Monolithic design is fine for simple systems, but as complexity and scale increase, so do the associated costs.
I’m currently using DDD, micro services, and public cloud because complex system are better served.
Hmmmmm, what makes you say "domain-driven design, event storming, serverless, and event driven architectures" is less "ivory tower"?
"ivory tower" to me means academic, theoretical, "interesting", "pure", vs on the other end of pragmatic, practical, get-it-done, whatever-works, maybe messy. (either end of the spectrum has plusses and minuses).
"DDD, event storming, event driven architectures" don't sound... not "ivory tower" to me. :) Then again, I am a U.S. developer!
I think many think an rdbms-centric design is just "basic architecture", and all that "event sourced" stuff is over-engineered buzzword complexity.
It might very well be _useful_, it may be something many more people oughta be doing if only they knew how valuable it was. Could be! But it certainly does not seem basic or simple to me. It seems, well, "ivory tower". And something with a learning curve. Not "basic" at all. (And certainly neither do microservices).
Do y'all in Europe learn "domain-driven design, event storming, serverless, and event driven architectures" in school or something? (I don't even totally know what all those things mean, enough to explain it to someone else).
OK! Agreed on product vs process.

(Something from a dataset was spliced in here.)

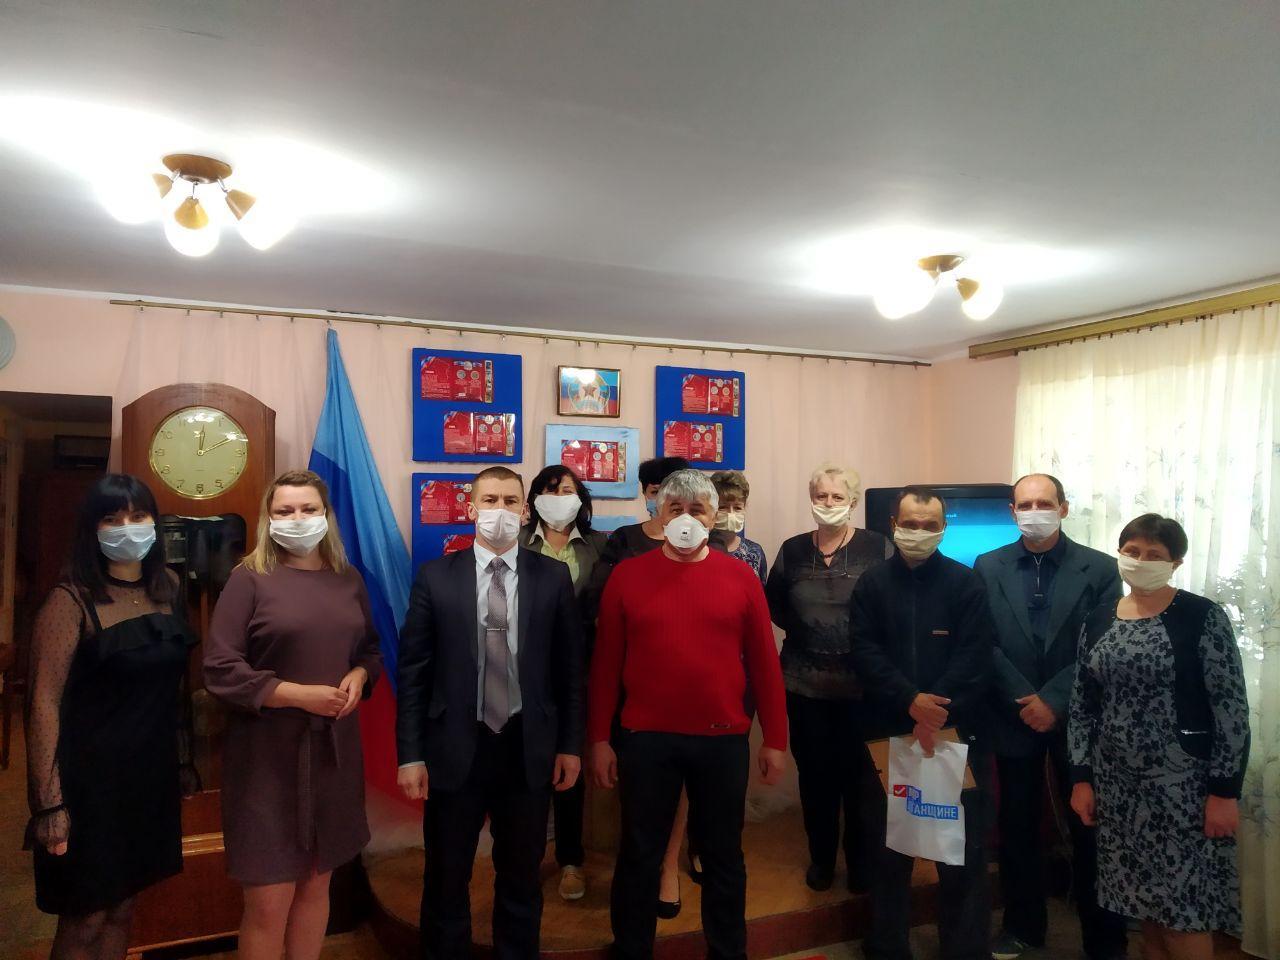 Активисты ОД «Мир Луганщине» поздравили работников музея с профессиональным праздником в Первомайске

I still don't think "ivory tower" means the same thing to you as it does to me, so be it!
When I look up "ivory tower" on google, google's supplied dictionary definition is "a state of privileged seclusion or separation from the facts and practicalities of the real world." I don't think that's how you're using it though? Which confused me. But ok!
I mean, if you can engineer a simple system you're better off than making a complex system. I think as many mentioned the main advantage of microservices is that it (a) forces people to have boundaries (b) conceptually easier to scale (because the "bespoke" part of the architecture needs to only do simple things).
Monolithic design is fine for simple systems, but as complexity and scale increase, so do the associated costs.
I’m currently using DDD, micro services, and public cloud because complex system are better served.